If I'm reading this correctly, this will pass all subdirectories to fzf, which is very different from only directories you've visited.

jvanderbot 3 days ago | parent [-]

The premise is the same: Dump history into fzf and add a grep/awk.

My point was that requiring a new shell (or even history) is a limiting factor here, and either backwards search over commands (as suggested ITT), or just plan fzf directory changes are more functional and already integrated into bash.

robenkleene 3 days ago | parent [-]

`cd foo` is useless in history if you're not already in foo's parent directory. This is the problem Zoxide solves, `z foo` will still do something useful in that case. (Side note about fzf, recursively fuzzy finding subdirectories fine for some use cases, but it doesn't scale as well as Zoxide.)

jvanderbot 3 days ago | parent [-]

Yes, the marginal improvements from changing your entire shell are not to be disregarded. I'll change to asserting that it's entirely possible to do a nice 80/20 without changing shells.

robenkleene 3 days ago | parent [-]

What do you mean? Zoxide isn't a shell, it's just a CLI program. It doesn't involve changing shells, you can see the list of supported shells in the README (it's more comparable to fzf than a shell, it ships with optional shell integrations the same way fzf does).

jvanderbot 3 days ago | parent [-]

How did you get all the way down here and lose the fact that top level comment is about zsh and finding past commands, and also changing directories? Was it not you that brought up zsh?
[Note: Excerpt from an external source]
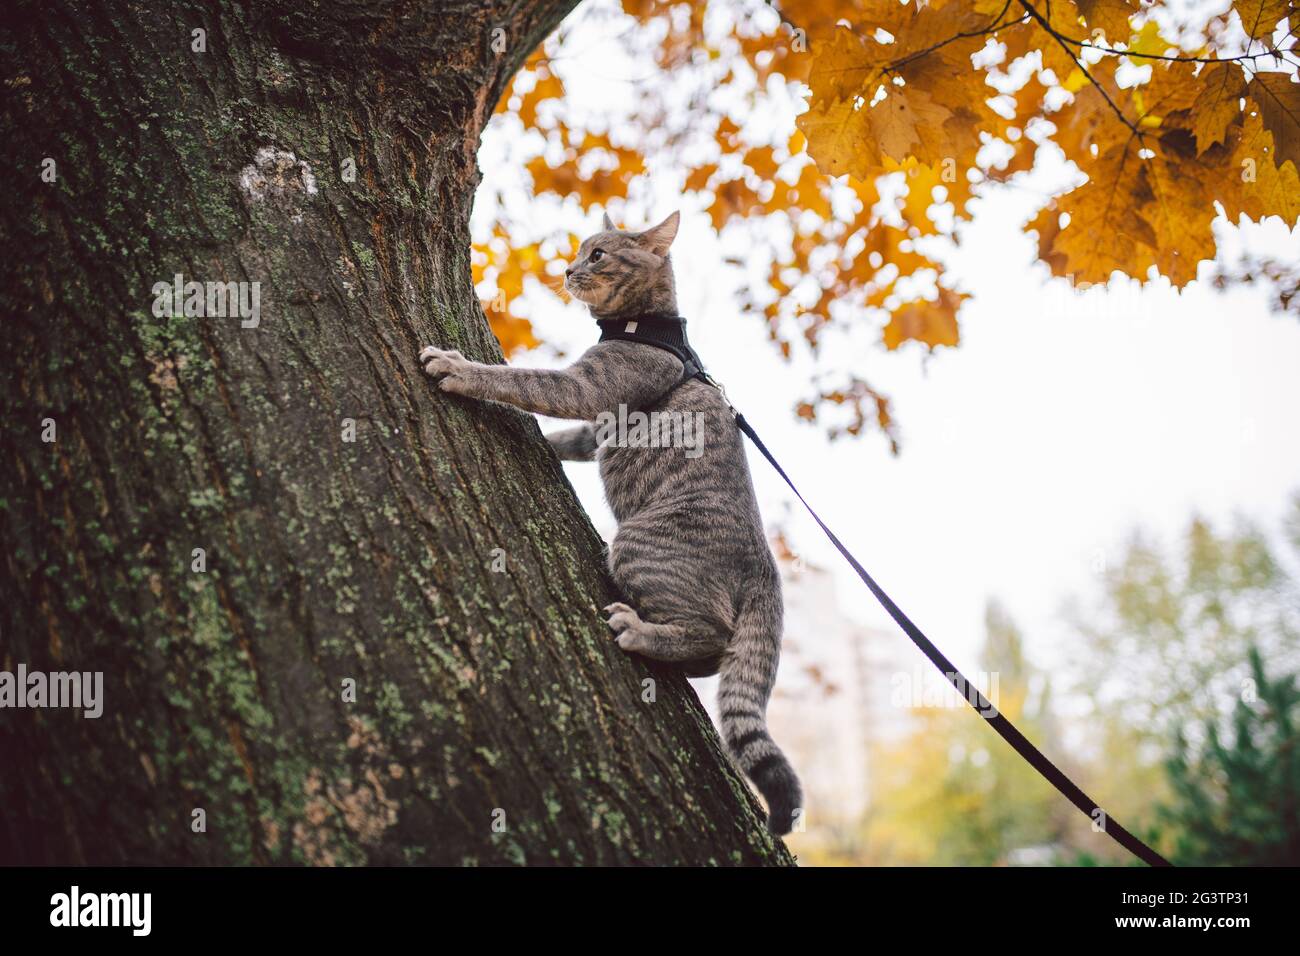 Domestic young kitten male gray good shape well-groomed, dressed safe cat leash harness, sitting on a tree attentively surprised Stock Photo

And I that brought up bash examples to show how it might be done? We've gone around in circles lads back on the bus.

robenkleene 3 days ago | parent | next [-]

To me, the interesting conversation here is between these three workflows:

1. Recursive directory fuzzy-search

2. Searching history for `cd` commands

3. Zoxide-style matching visited directories

Which are all ways to make it easier to traverse directories.
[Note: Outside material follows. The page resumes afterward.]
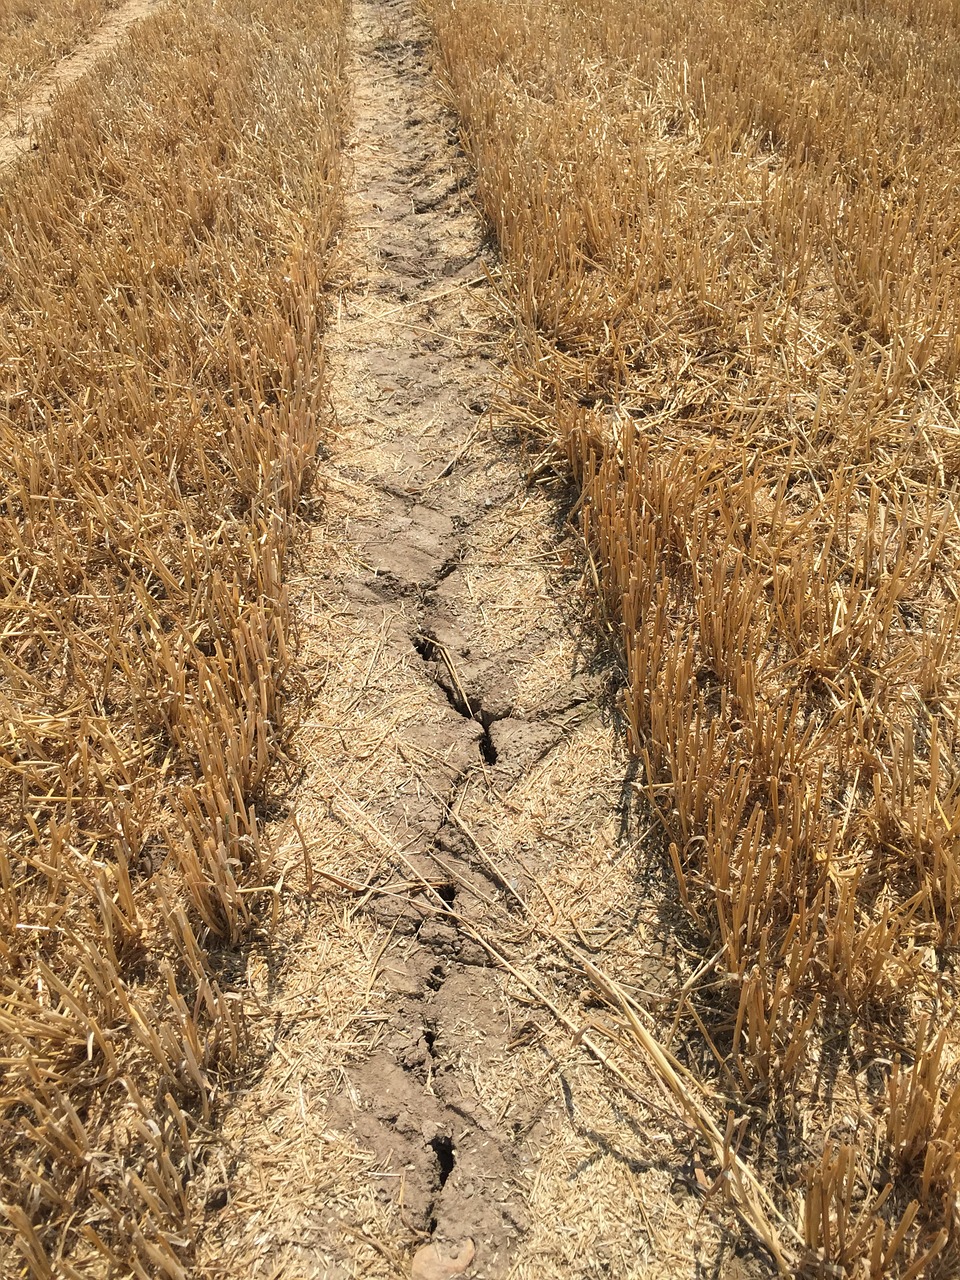 dry drought field free photo

For my part, the thrust of your argument seemed to be advocating for #1, so that's what I was responding to (since this is a thread on #3, I'm mainly focusing on why you'd use that instead of #1 or #2, but all three are workable).

All of these can be implemented in any of the common shells. I didn't see anyone making a case for a specific shell here, I think the mentions of a specific shell are incidental (e.g., what people happen to use).

BeetleB 2 days ago | parent [-]

Indeed - it's not even an either/or. I have both 1 and 3 as keybindings.

BeetleB 3 days ago | parent | prev [-]

He never said he changed shells - just that he uses zsh history. He was likely using zsh anyway.

jvanderbot 3 days ago | parent [-]

My logic (take it or leave it) is that since zsh is not the default distro nearly anywhere (Kali?), a randomly selected person who might read that advice (and subsequent advice ITT), would likely find "Use ZSH" includes a shell change and therefore more learning curve than "add a few lines to .bashrc".

This is getting off topic, pedantic, and (maybe?) argumentative so I'm calling it quits. Cheers.

BeetleB 3 days ago | parent [-]

I believe the default shell in MacOS is zsh, not bash. So lots of folks use zsh by default.